WHAT IS EXPECTED – Restate the full listing word for word and leave the pictures out.

*** Opening of RECORDED INFORMATION ***

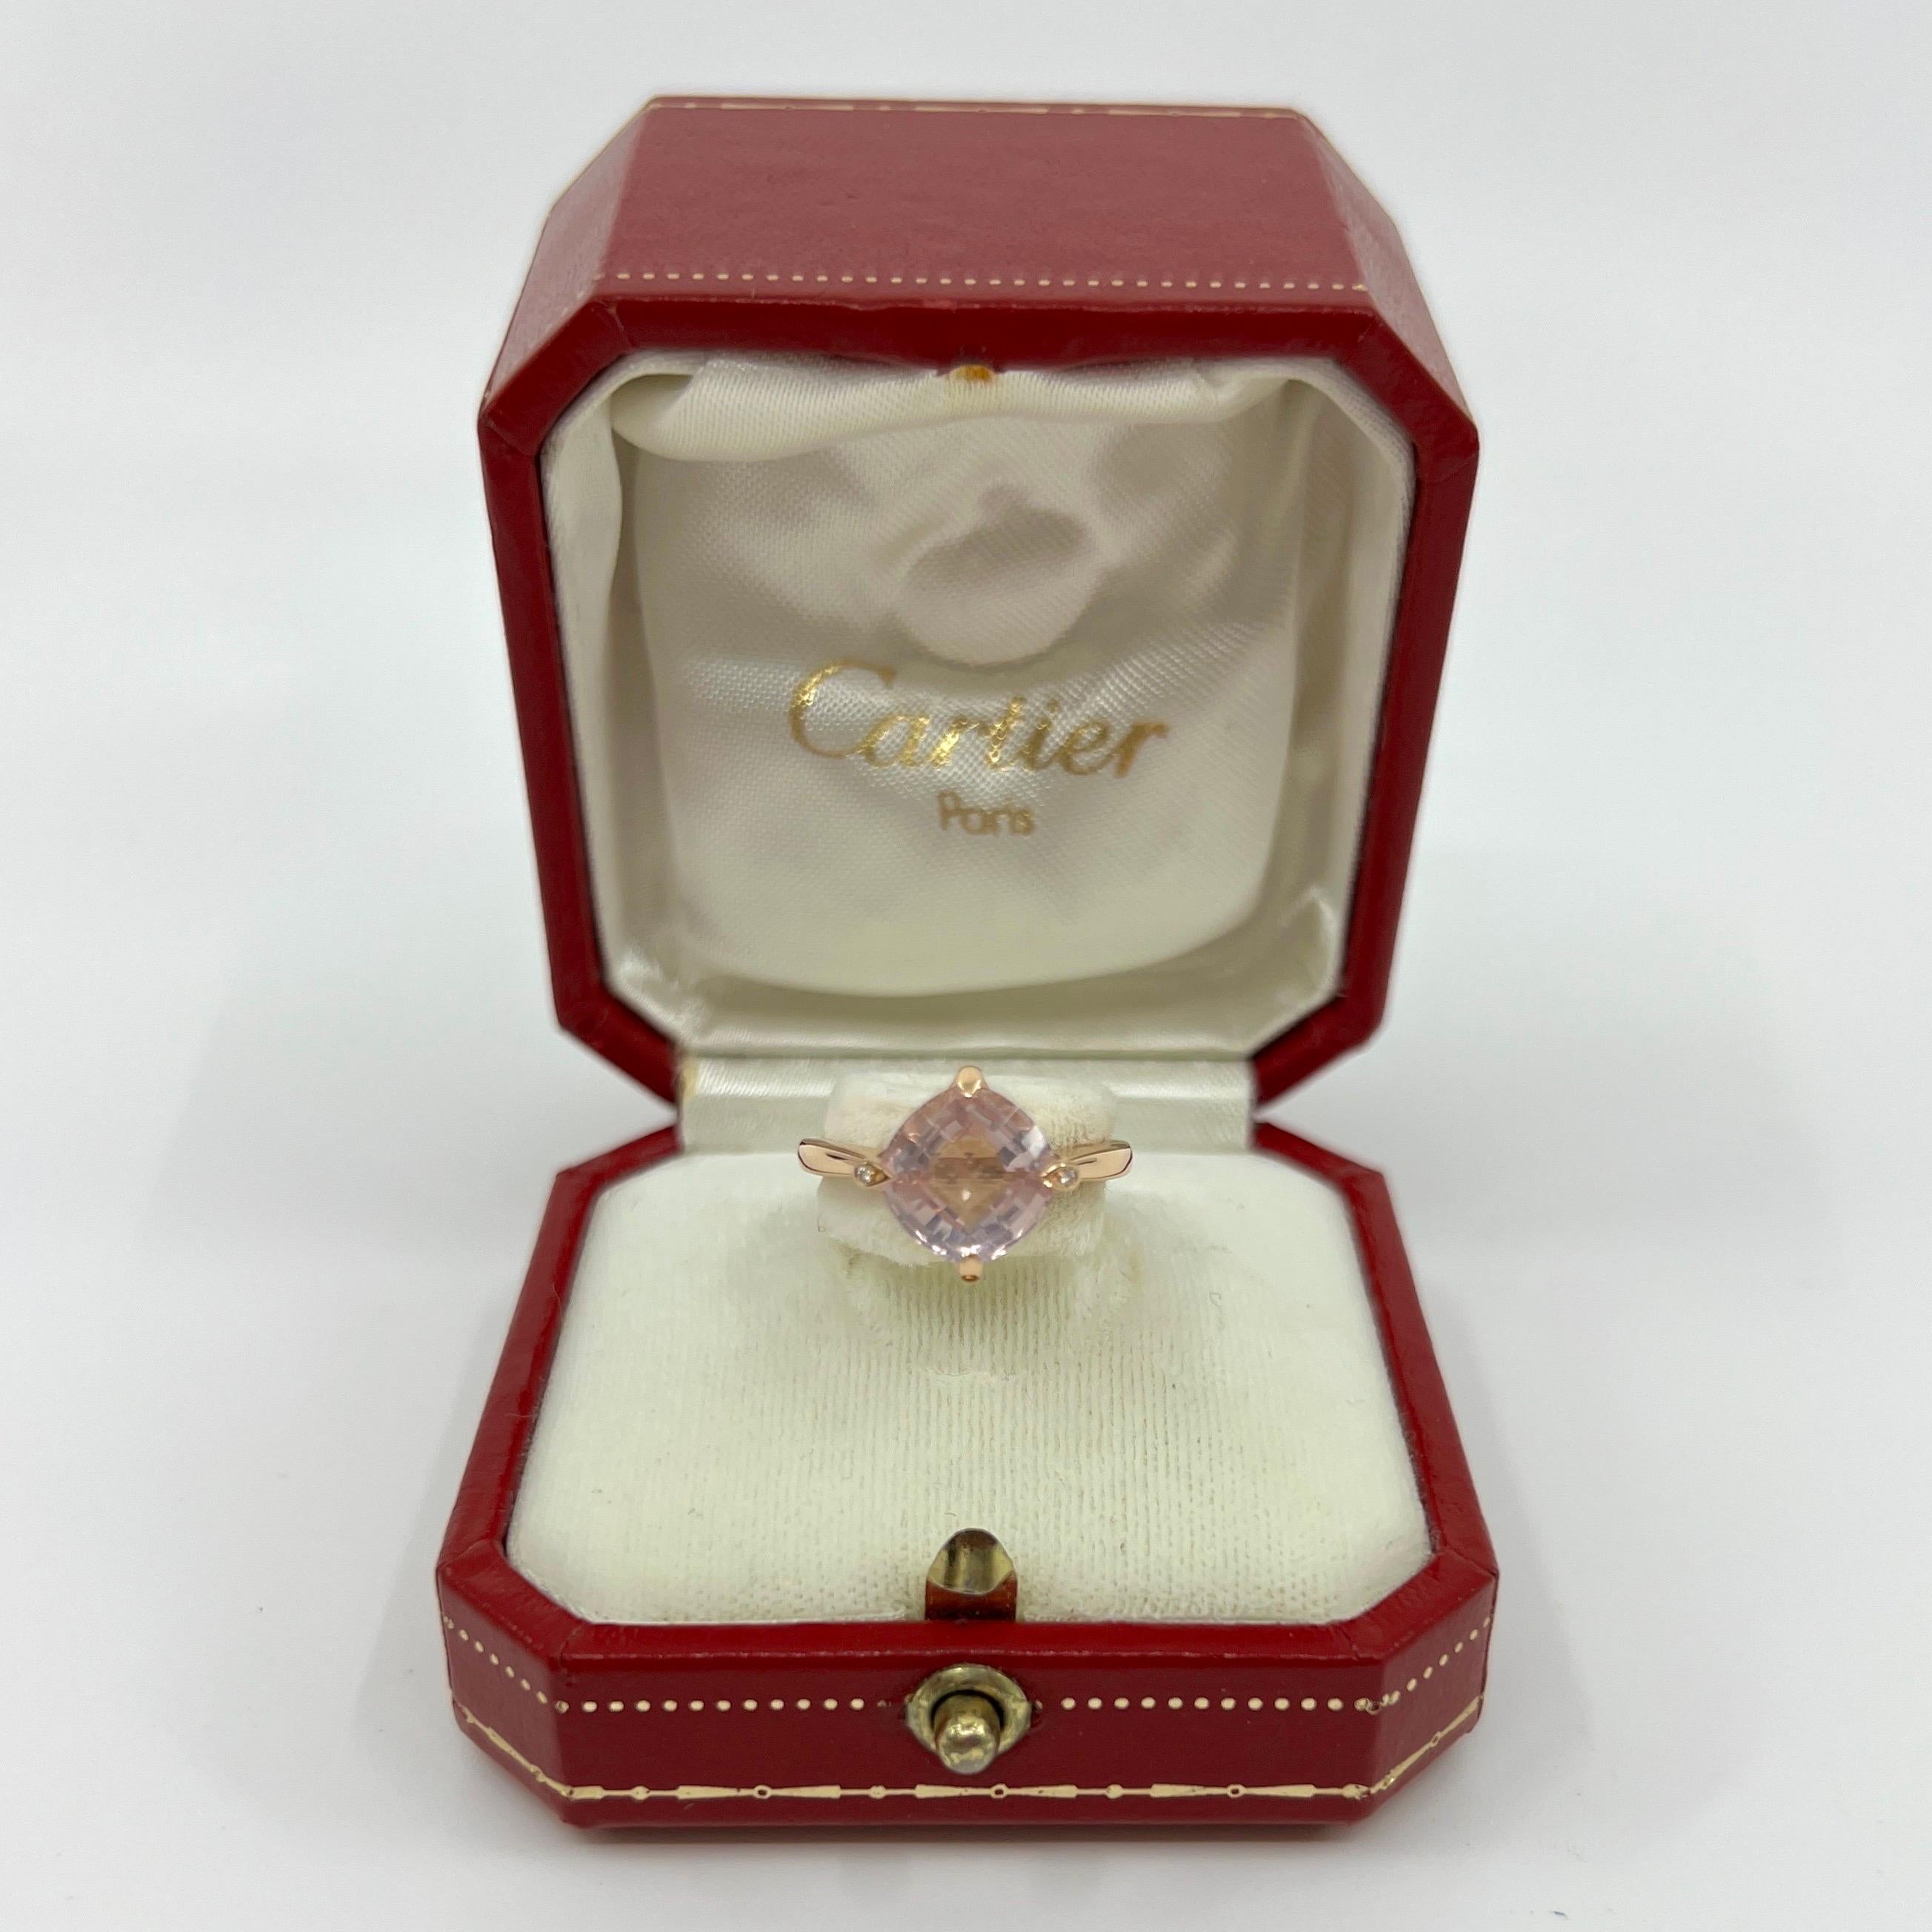 Very Rare Cartier Inde Mysterieuse Fancy Cut Rose De France Amethyst And Diamond 18k Rose Gold Ring.

Stunning rose gold ring with a fine 9mm claw set rose de France amethyst. 
Fine jewellery houses like Cartier only use the finest of gemstones and
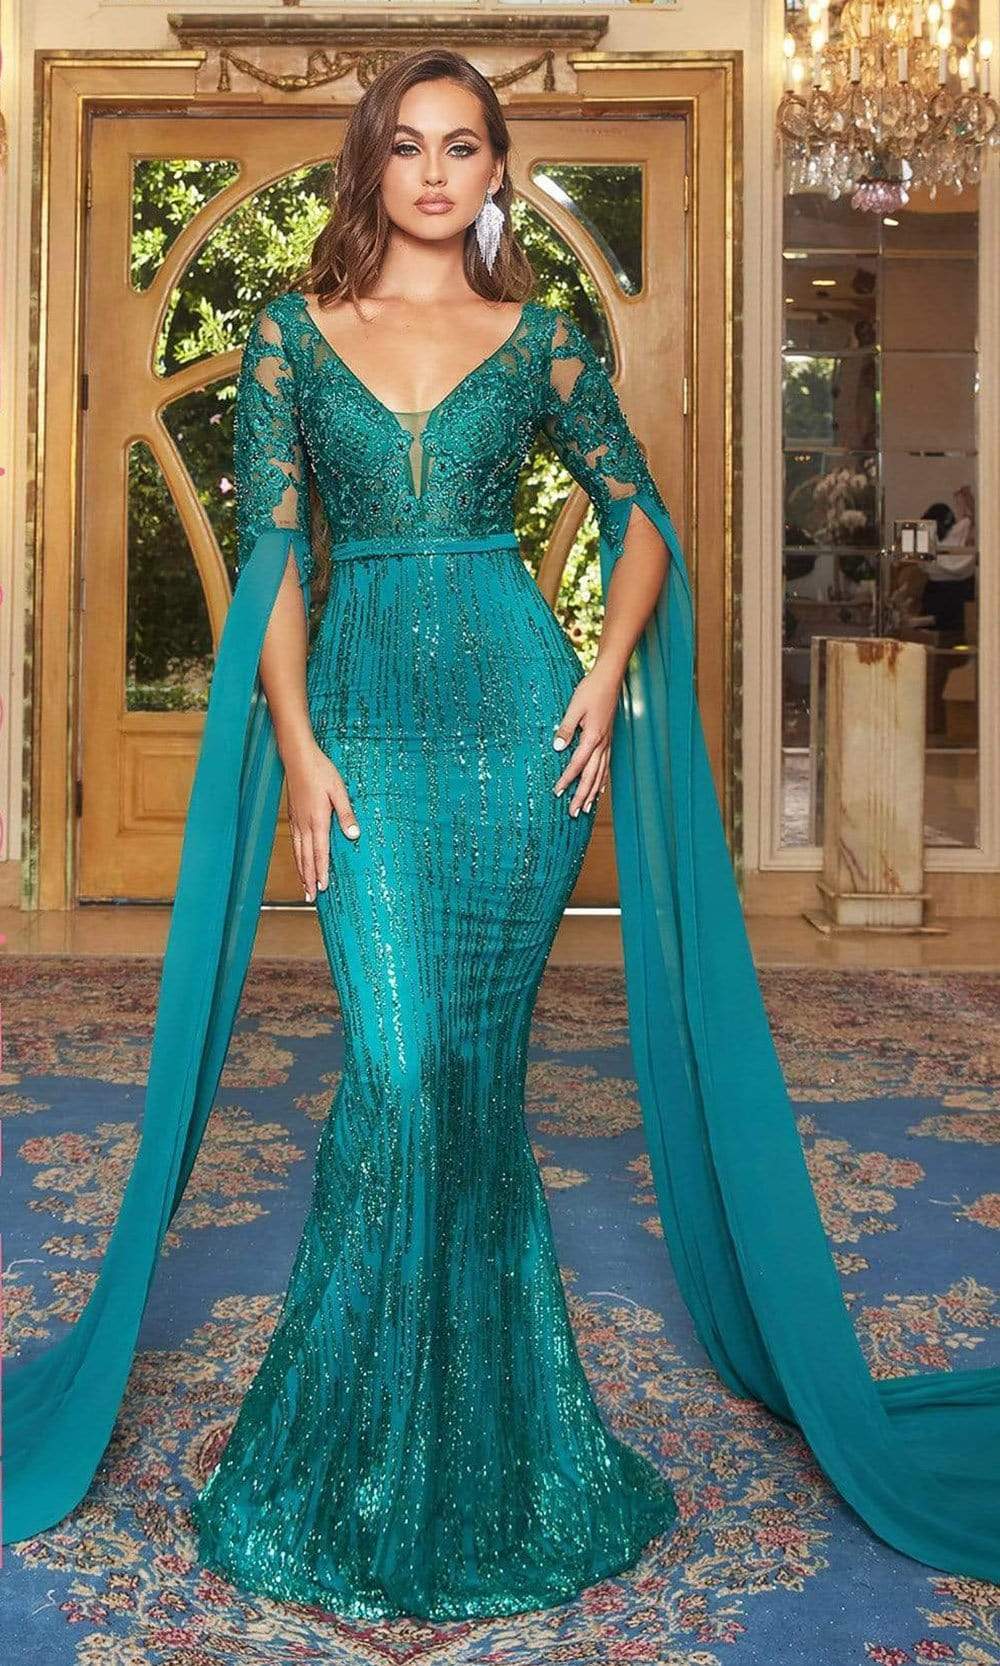 Portia and Scarlett - PS22168 Bat Sleeved Embellished Mermaid Gown Prom Dresses 0 / Emerald

*** Close of RECORDED INFORMATION ***

REPLY –
 Very Rare Cartier Inde Mysterieuse Fancy Cut Rose De France Amethyst And Diamond 18k Rose Gold Ring.

Stunning rose gold ring with a fine 9mm claw set rose de France amethyst. 
Fine jewellery houses like Cartier only use the finest of gemstones and
 Portia and Scarlett - PS22168 Bat Sleeved Embellished Mermaid Gown Prom Dresses 0 / Emerald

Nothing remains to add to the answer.